State-managed DSME has been under due diligence and consulting review by Boston Consulting Group (BCG) after the state lender Korea Development Bank (KDB), DSME’s main creditor, last year asked for consultation on measures to enhance DSME’s competitiveness.

The report draft, originally delivered to KDB in March, was recently unveiled at a time when Seoul authorities are looking into an option to sell the loss-making shipbuilder after the state’s earlier effort to merge it with bigger Hyundai Heavy Industries Group flopped due to the opposition from European Union antitrust authority last year.

KDB plans to decide on the fate of DSME after a final consulting result comes out in August or September.

Korea’s top three shipyards – Korea Shipbuilding & Offshore Engineering Co., DSME, and Samsung Heavy Industries Co. – are always in fierce competition amid lingering uncertainties from the shipbuilding industry’s frequent changes in business cycle, according to the BCG draft. They enjoy brisk vessel sales during an industrial boom but at the cost of vessel prices due to excessive competition that later results in massive losses once the industry enters a downturn, noted the draft report. The longer the recessionary cycle, the more threat financially-vulnerable DSME faces for survival, it concluded.

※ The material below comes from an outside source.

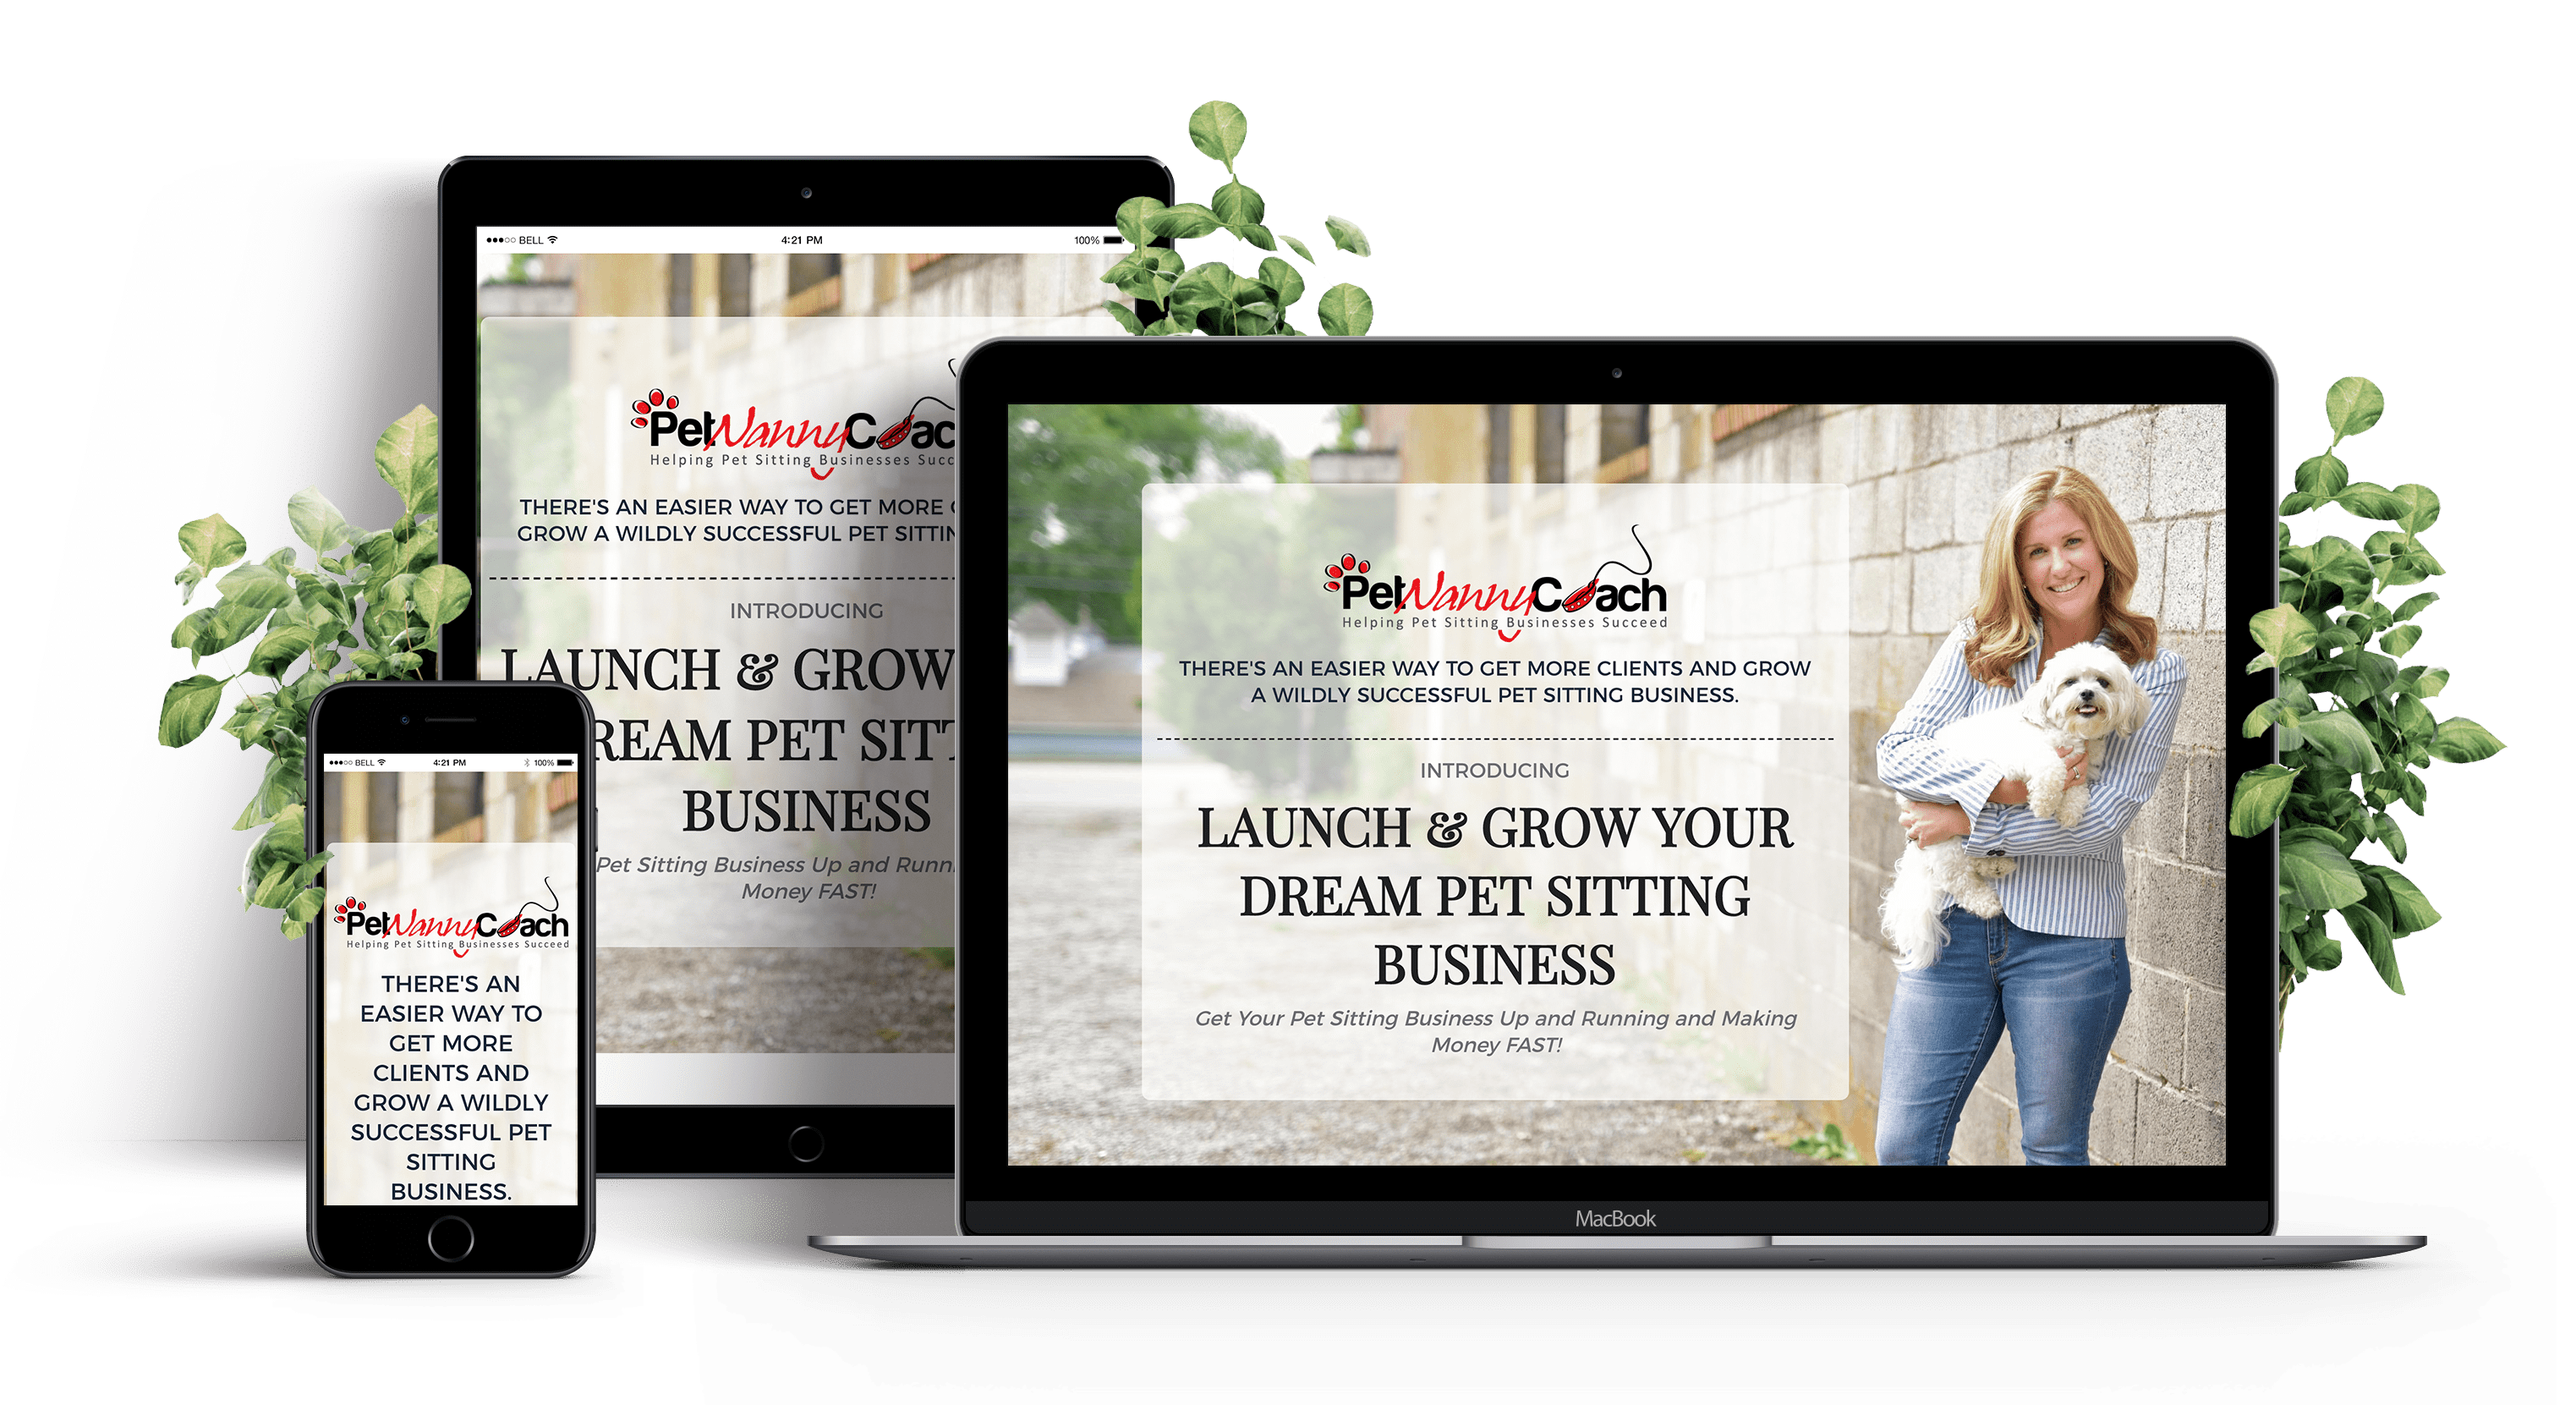 Launch & Grow Your Dream Pet Sitting Business – Long Sales Form

Korea’s top three shipbuilders won orders worth 17.49 million compensated gross tonnage (CGT) last year, boosting their total order backlog to 29.50 million CGT, which means that shipyards have enough orders for two to three years.

But their profitability is low because they are not able to receive full prices for their vessels due to intense competition. DSME in financial distress has been the most aggressive among the big three in lowering vessel prices to secure more orders, forcing the other two shipyards to give discounts to ship buyers, industry observers said.

KDB already warned of losses of DSME this year despite its growing new orders. DSME logged 1.7 trillion won ($1.3 billion) in losses last year and 500 billion won in the January-March period. DSME on Tuesday reported an operating loss of 569.6 billion won in the January-June period and a net loss of 667.9 billion won. The figures reflected 350 billion won in allowance for construction losses from a surge in fixed costs and other material costs, the company said.

The overall shipbuilding industry currently faces with the rising management uncertainty due to surges in the price of structural steel and labor costs and the prolonged sanctions against Russia for its war in Ukraine. KDB also noted that the months-long strike and dockyard occupation at DSME’s largest dock by unionized workers until recently has led to massive production setback and losses at DSME.

The final consulting report from BCG are supposed to come up with measures to improve DSME’s competitiveness but won’t be able to provide any breakthrough measures in the current conditions, said industry observers.